Igual que en el segundo piso, un arco conducía desde el descansillo al resto del primer piso. Al pasar bajo el arco, se encontró en el salón victoriano donde había conocido a Jykynstyl. Como en otros lugares de la casa, los empleados de limpieza habían encendido todas las luces, con un efecto igual que desolador. Incluso las grandes plantas en macetas habían perdido su esplendor. Gurney atravesó el salón hacia el comedor. Platos, copas, cubiertos… Se lo habían llevado todo. Igual que el retrato de Holbein. O el falso Holbein.
Se dio cuenta de que no sabía nada a ciencia cierta de su visita de ese día. La hipótesis más plausible sería que todos los elementos eran falsos, sobre todo la extravagante oferta de compra de sus retratos de ficha policial. La idea de que todo era mentira, de que nunca hubo dinero sobre la mesa, de que nunca hubo una admiración de su perspicacia o talento, asestó un sorprendente mazazo a su ego, seguido por la desilusión sobre lo mucho que habían significado para él la oferta y los halagos que la habían acompañado.

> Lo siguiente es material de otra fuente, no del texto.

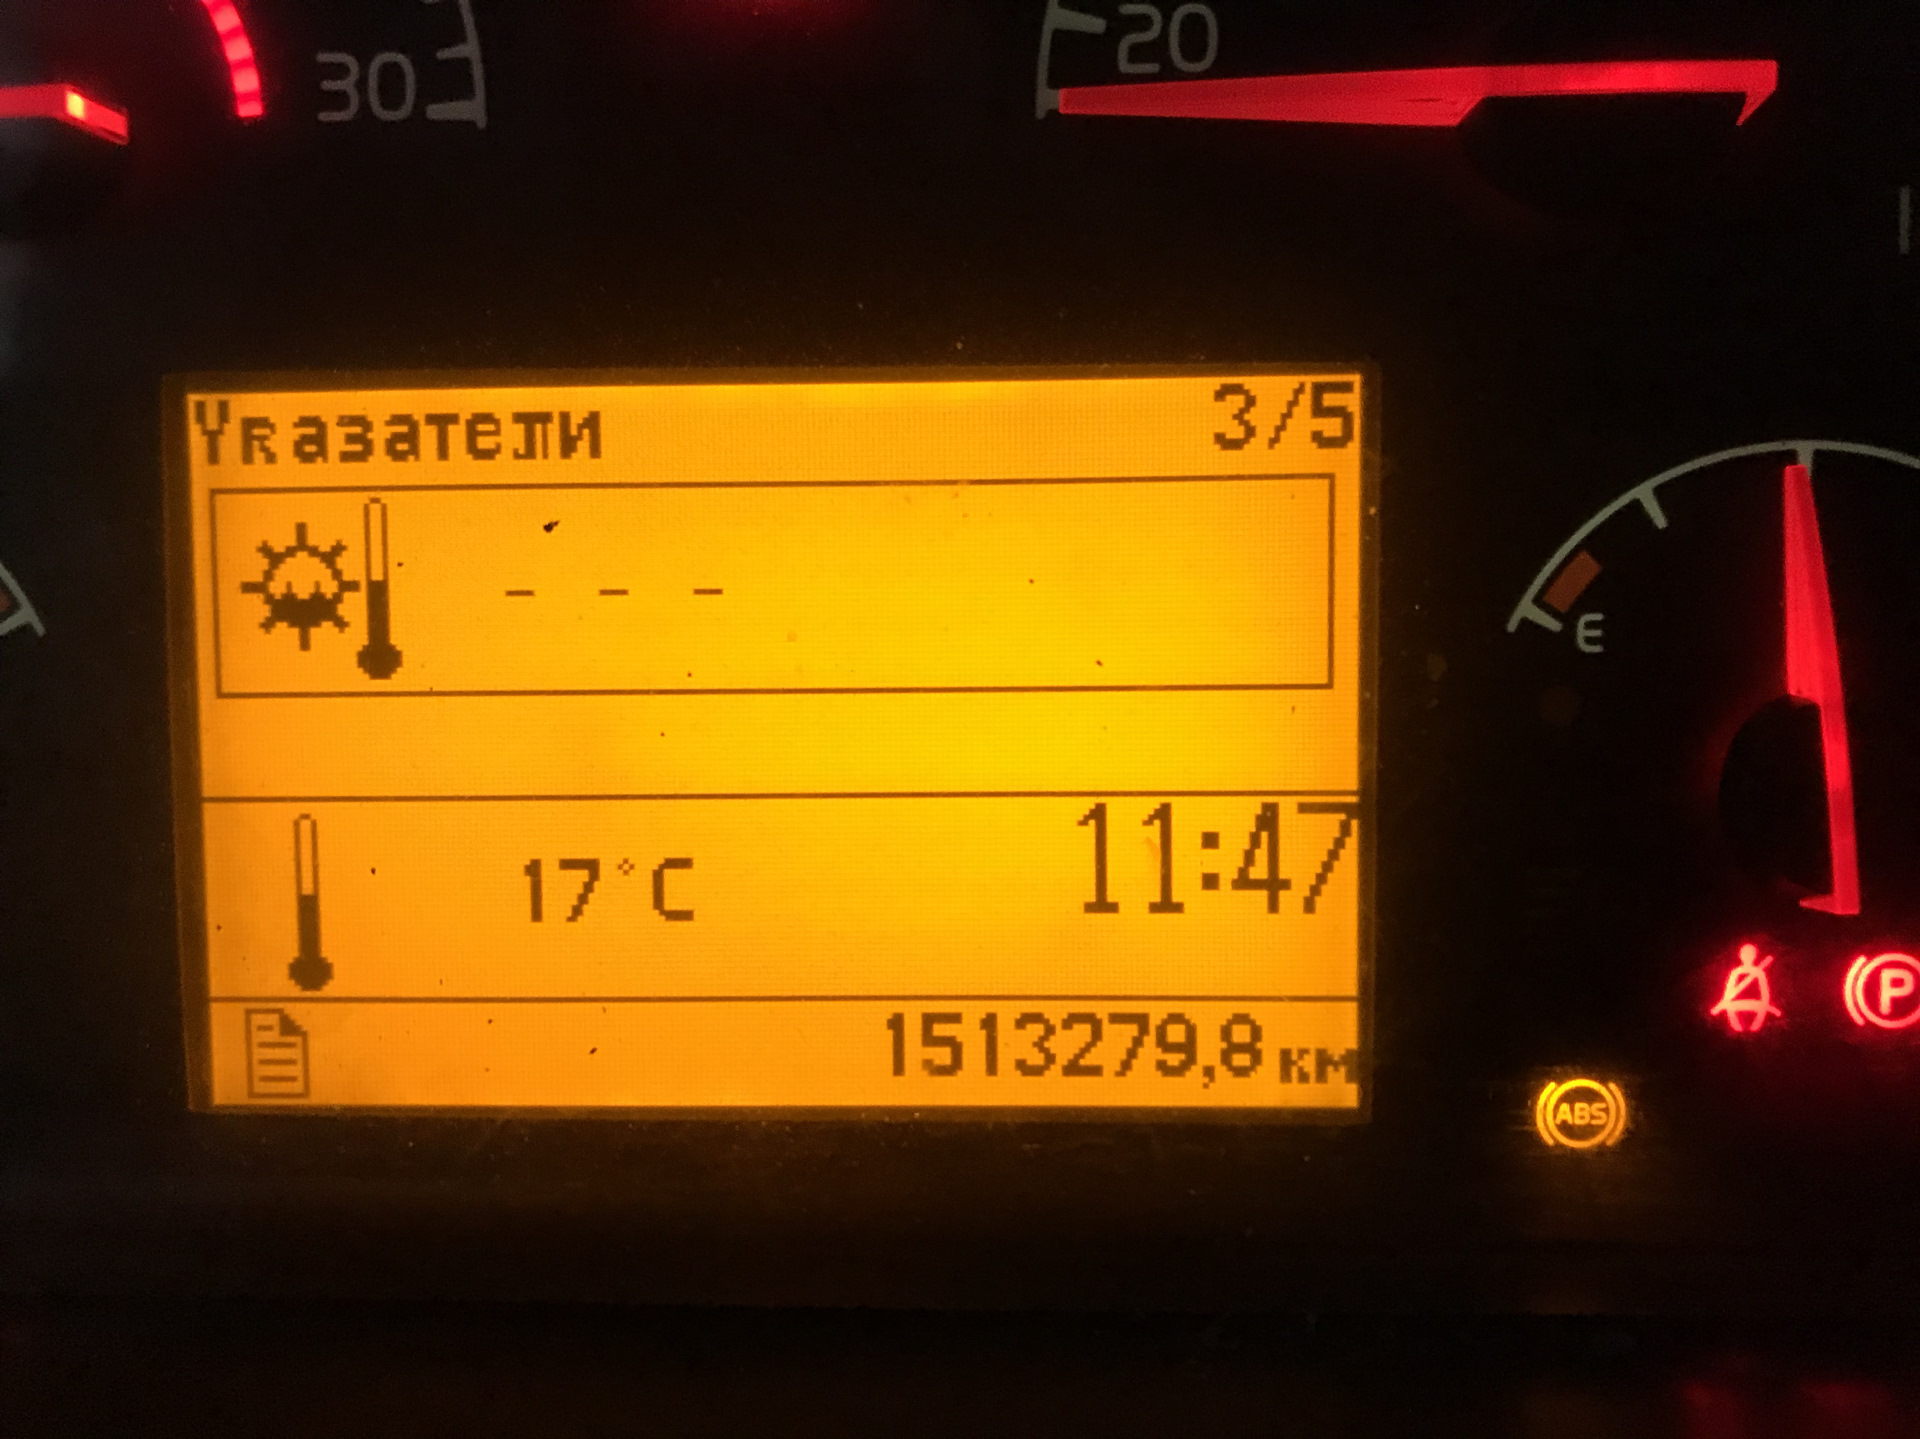 Ошибки volvo fh 12. Датчик температуры двигателя Volvo fh12. Датчик температуры КПП Вольво fh12. Датчик температуры двигателя Вольво fh12. Volvo fh12 индикаторы панели приборов.
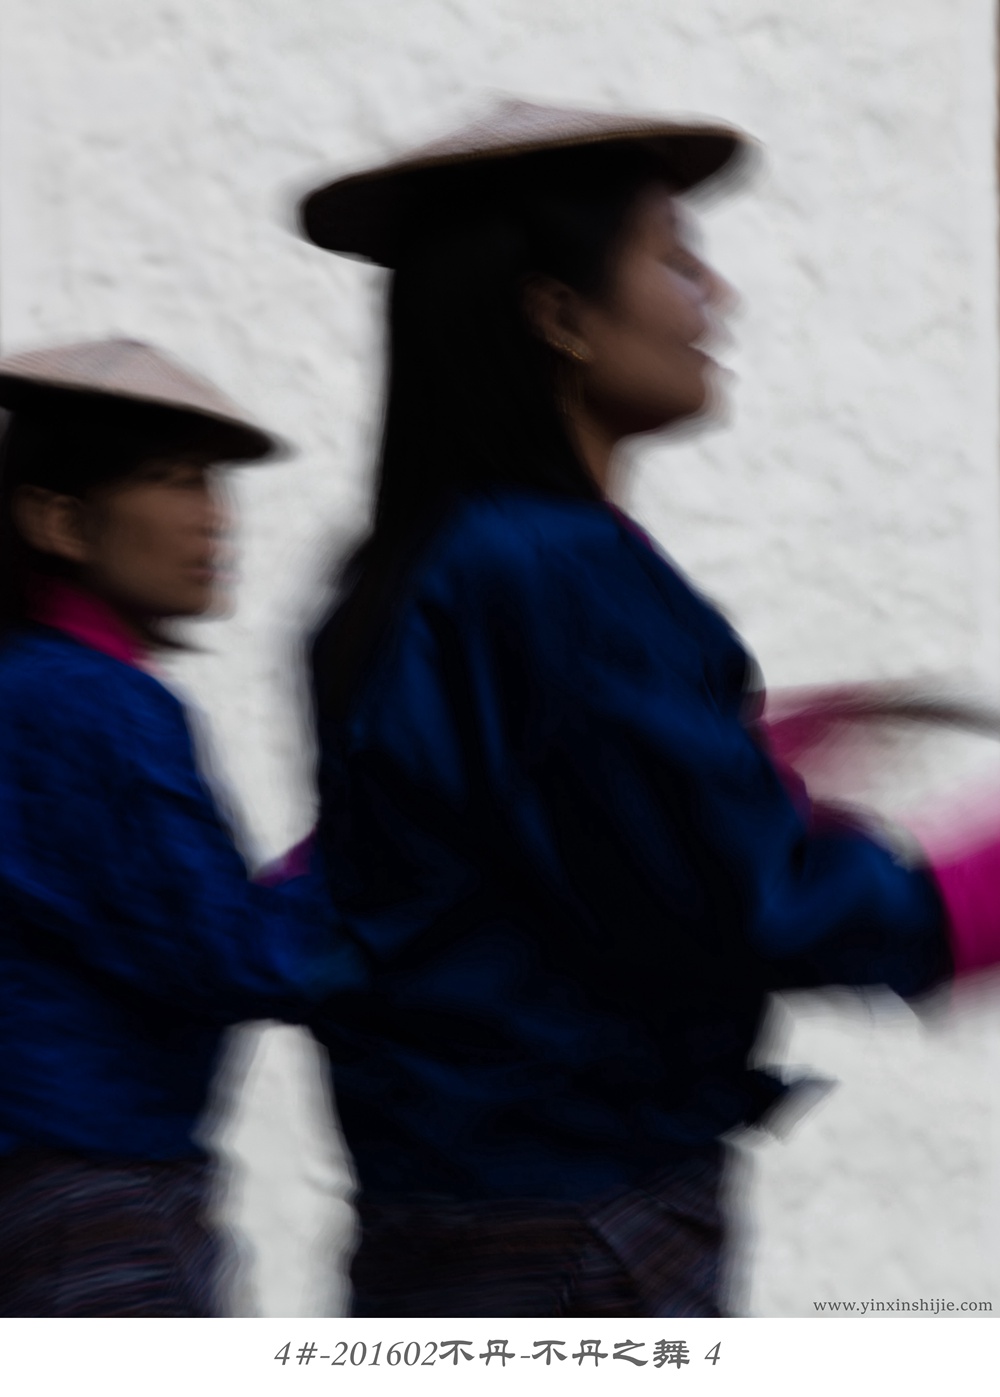 4#-201602不丹-不丹之舞4

Recordó que un terapeuta le había dicho en una ocasión que la única forma en que alguien puede juzgar el apego a algo es por el nivel de dolor que causa su pérdida. Ahora parecía claro que las potenciales recompensas de la fantasía de Jykynstyl habían sido tan importantes para él como… creer que no eran importantes en absoluto. Aquello le hizo sentirse doblemente idiota.
Miró a su alrededor en el comedor. Su visión extática de un barco en Puget Sound retornó con el gusto agrio de un vino regurgitado. Estudió la superficie recién pulida. Ni un atisbo de mancha de huella dactilar en ninguna parte. Volvió al salón. Había en el aire un olor tenue, complejo, en el que apenas había reparado al pasar por la habitación momentos antes. Esta vez trató de aislar sus elementos: alcohol, humo rancio, cenizas en la chimenea, cuero, suelo húmedo de las plantas, cera de muebles, madera vieja. Nada sorprendente. Nada fuera de lugar.